I regret my foreign marriage

June 23, 2025
‘Relatives have told me that they know that my wife is seeing another man.’
‘Relatives have told me that they know that my wife is seeing another man.’

Dear Pastor,

I am a 43-year-old man and I have three children with my wife. This woman is not Jamaican, but all my children were born in Jamaica. I was in America but I was forced to return to Jamaica.

My children have American visas, so they are there with my wife and I am alone in Jamaica. I do not have a house here, but I have a lot of land, which I bought years ago. I am hoping to build a house. I am not able to send money to my wife for the children every month, but I do my best.

Relatives have told me that they know that my wife is seeing another man. Before hearing that she is seeing somebody, I did not give up on her. I know now that my relatives will not lie on her.

I asked one of my children if my wife goes out often with a man and she said yes, I asked whether the man is sleeping at the house and she said yes. She said I should not let her mother know what she told me. So, now I know for sure that my marriage has ended.

When I got married, I thought it would be forever. Sometimes when I consider my situation, I regret not marrying to a Jamaican woman. My wife is much more educated than I am. Sometimes when we are having conversations, she would say that she was wasting her time talking to me because I would not understand.

I got myself in trouble with the law because I was doing my very best to support my family. I am trying to start over, but it is hard. I have an old woman who cleans my house and cooks for me. I have been going to church and trying to live a decent life. I have insurance and my wife is the beneficiary. I want to remove her as my beneficiary.

I am longing to see my children. Do you think I should let my wife know that I heard that she is seeing another man? I have to blame myself for lots of things, but since coming home to Jamaica, I have not got myself entangled with any woman. They have come around me, but when they come I have told them that I am broke.

These young women want money. Whatever money I have is to keep me going and to buy material for the house I want to build. Very soon, I am going to buy sand, gravel and steel to start my house.

Two brothers from the church I am now attending have promised to help me with the building. I do not want my wife back in my life because I have lost trust in her.

N. C

Dear N.C

You did not say that you are a deportee, but I presume that you are. If you are not, I must ask you to forgive me from judging you wrongfully. You said you got yourself into trouble. What trouble?

You have returned to Jamaica empty handed. Perhaps it is good that your children are now abroad.

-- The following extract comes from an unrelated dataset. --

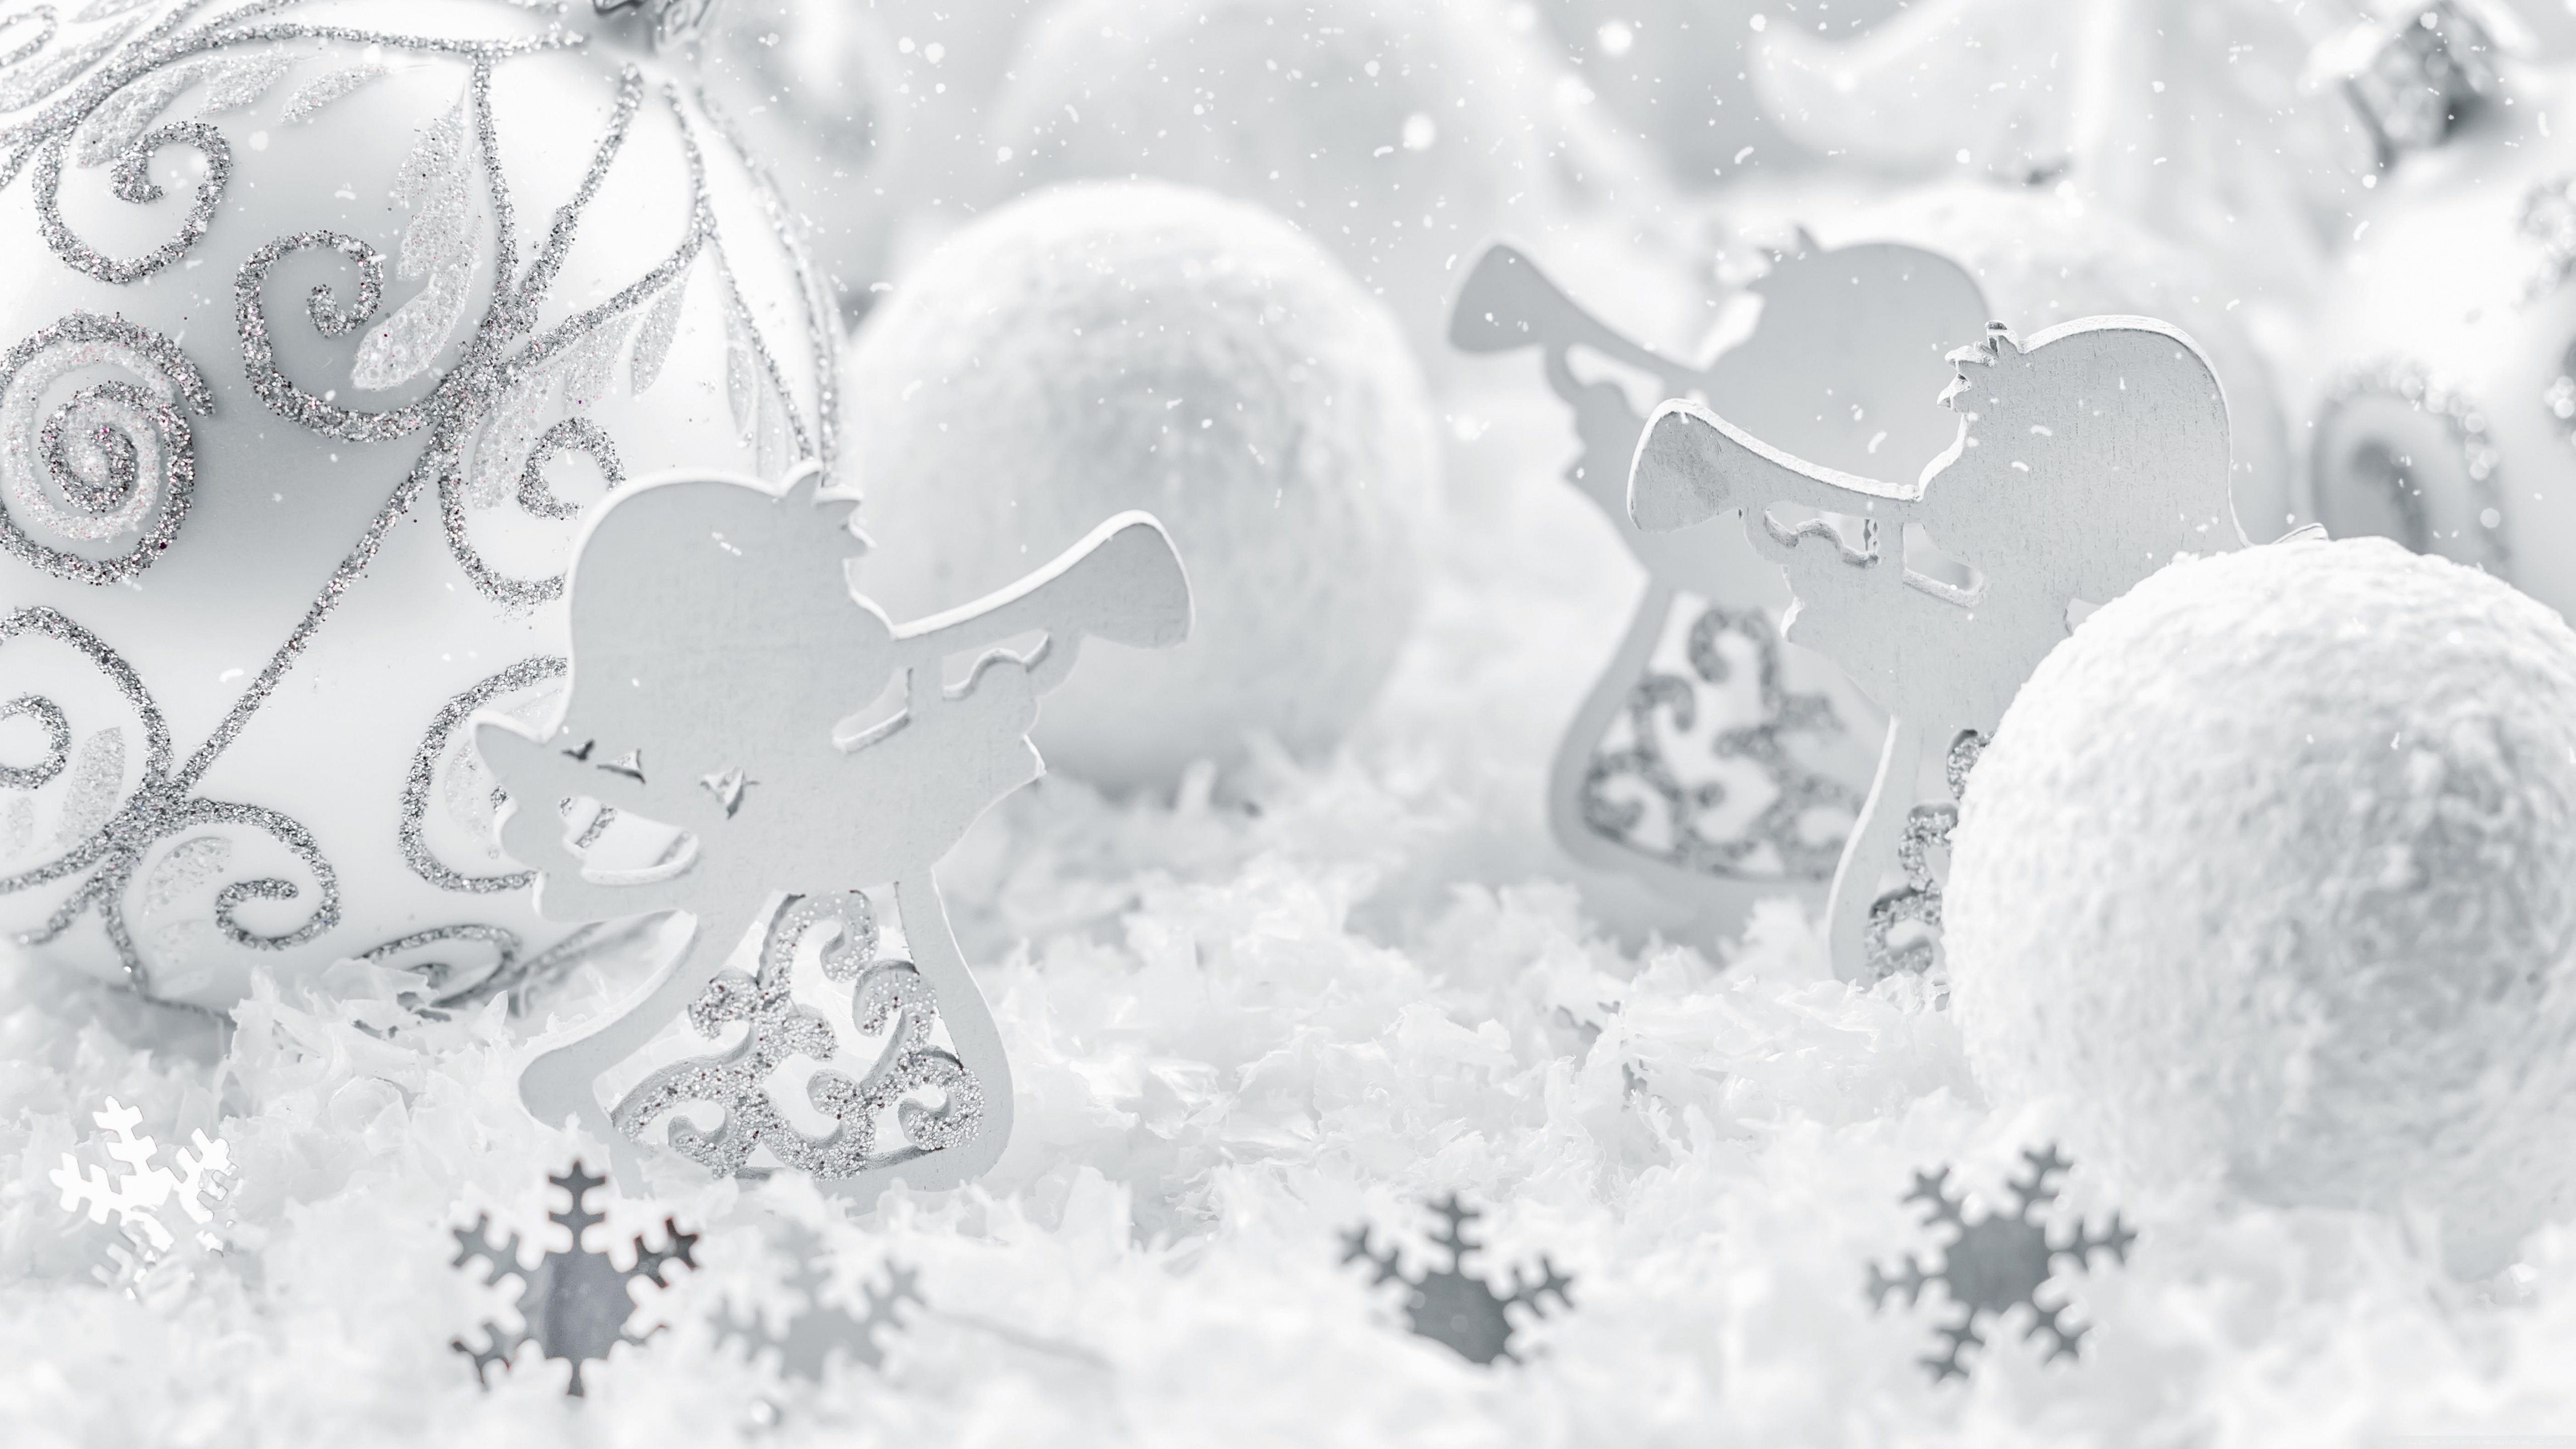 White Christmas Background Images  Free Download on Freepik

It seems to me that the love you have for your wife has turned into hate, and to me, that is very sad. If indeed she has another man in her life, perhaps she is seeking financial help from him.

Your daughter who spoke to you about her mother knows what is going on, but she has cautioned you not to divulge that you got some of the information from her. Your relatives know the truth and they have told you. It is not to make you unhappy, but to help you make the right decisions.

When couples get married, only death should separate them. But there are times when divorce becomes a necessity, so if you do not wish to have a reconciliation with your wife, then a divorce may become a necessary evil.

If your wife wants the relationship with you to continue, I am sure she could visit you as often as possible if you are unable to travel.

I am glad that you are attending church and that the brothers there are willing to help you build a house.

I wish you well. Try and keep calm and don't allow your problems to destroy you psychologically and even physically. Let me hear from you again.